→ Data extract:
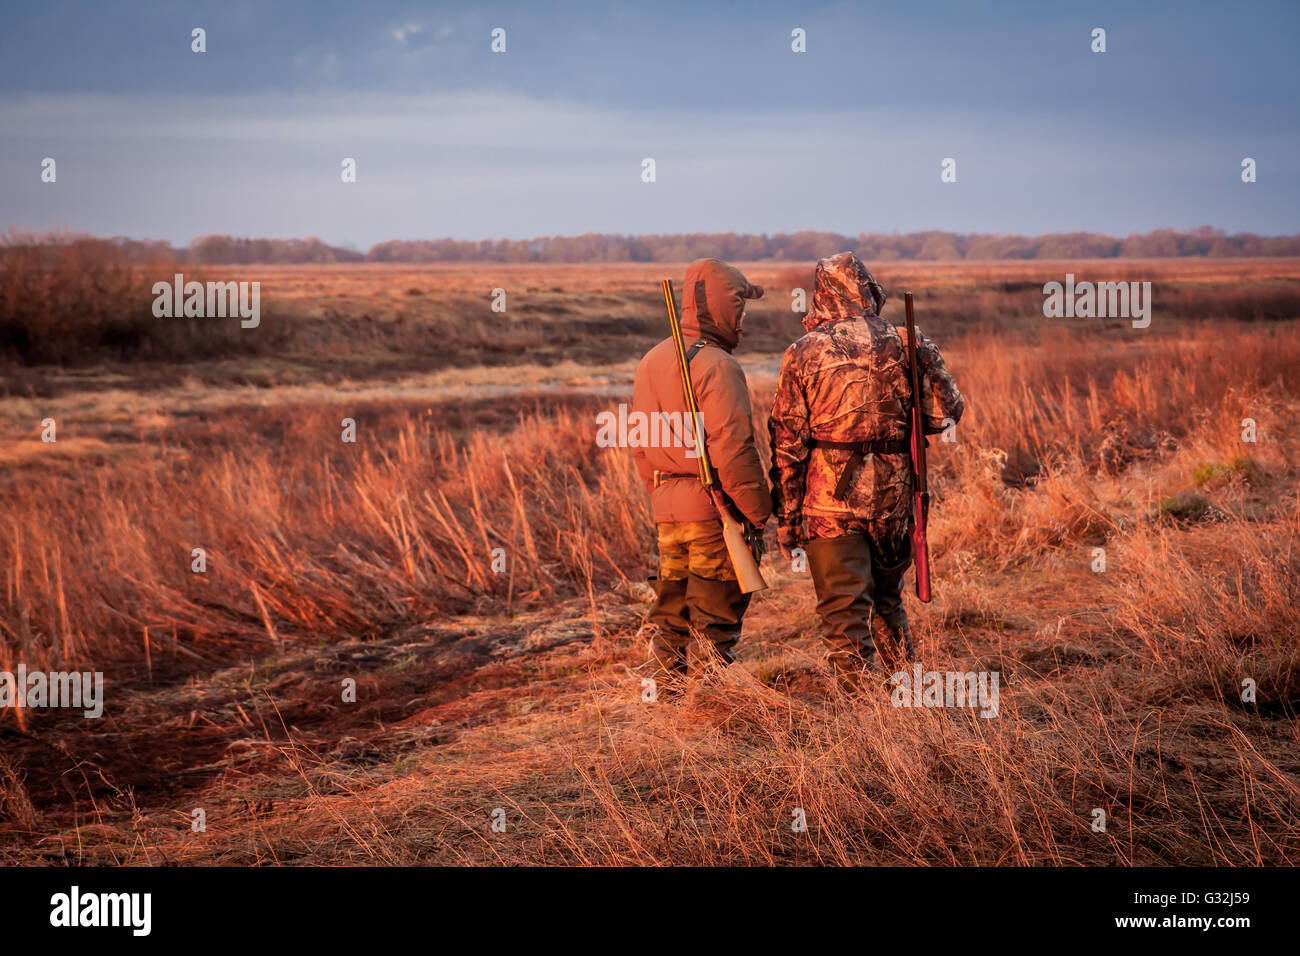 Les chasseurs à la recherche de proies au cours de la chasse en milieu rural domaine pendant le lever du soleil. Domaine peint avec la couleur orange de rising sun Banque D'Images
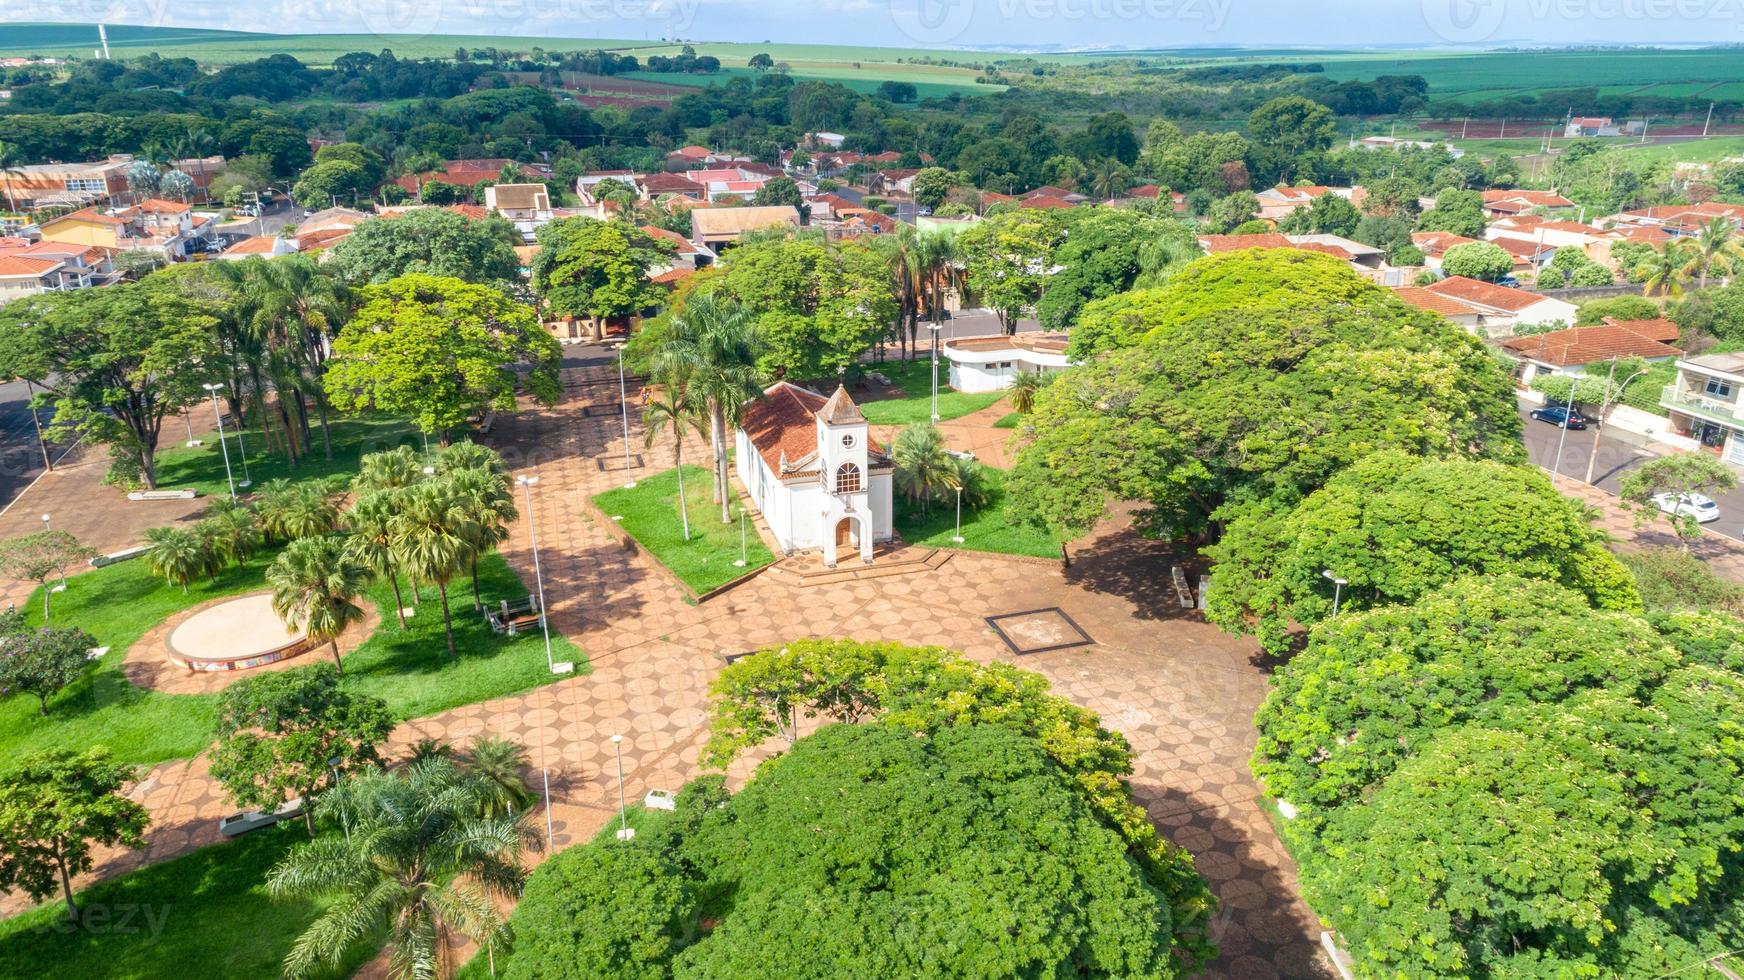 imagen aérea del centro de la ciudad de pradopolis, sao paulo, brasil. se puede ver la iglesia madre en el centro de la ciudad. foto
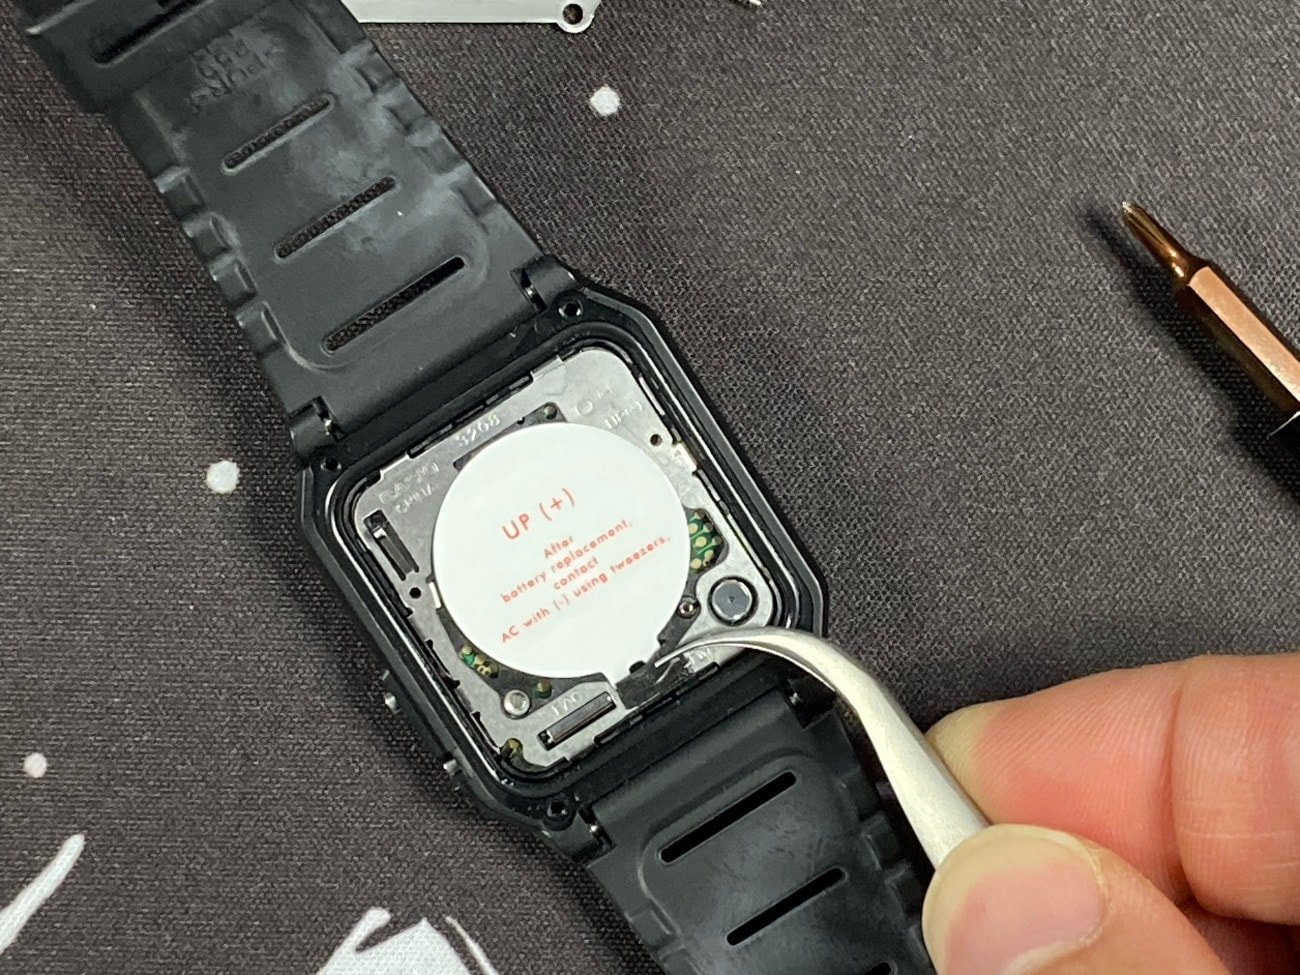 Cambiar la pila al reloj calculadora Casio CA-53W: quitamos el adhesivo negro.

→ What the task asks: Would you set down each line of the data exactly, with no images included?

→ Solution to this task:
 Les chasseurs à la recherche de proies au cours de la chasse en milieu rural domaine pendant le lever du soleil. Domaine peint avec la couleur orange de rising sun Banque D'Images
 imagen aérea del centro de la ciudad de pradopolis, sao paulo, brasil. se puede ver la iglesia madre en el centro de la ciudad. foto
 Cambiar la pila al reloj calculadora Casio CA-53W: quitamos el adhesivo negro.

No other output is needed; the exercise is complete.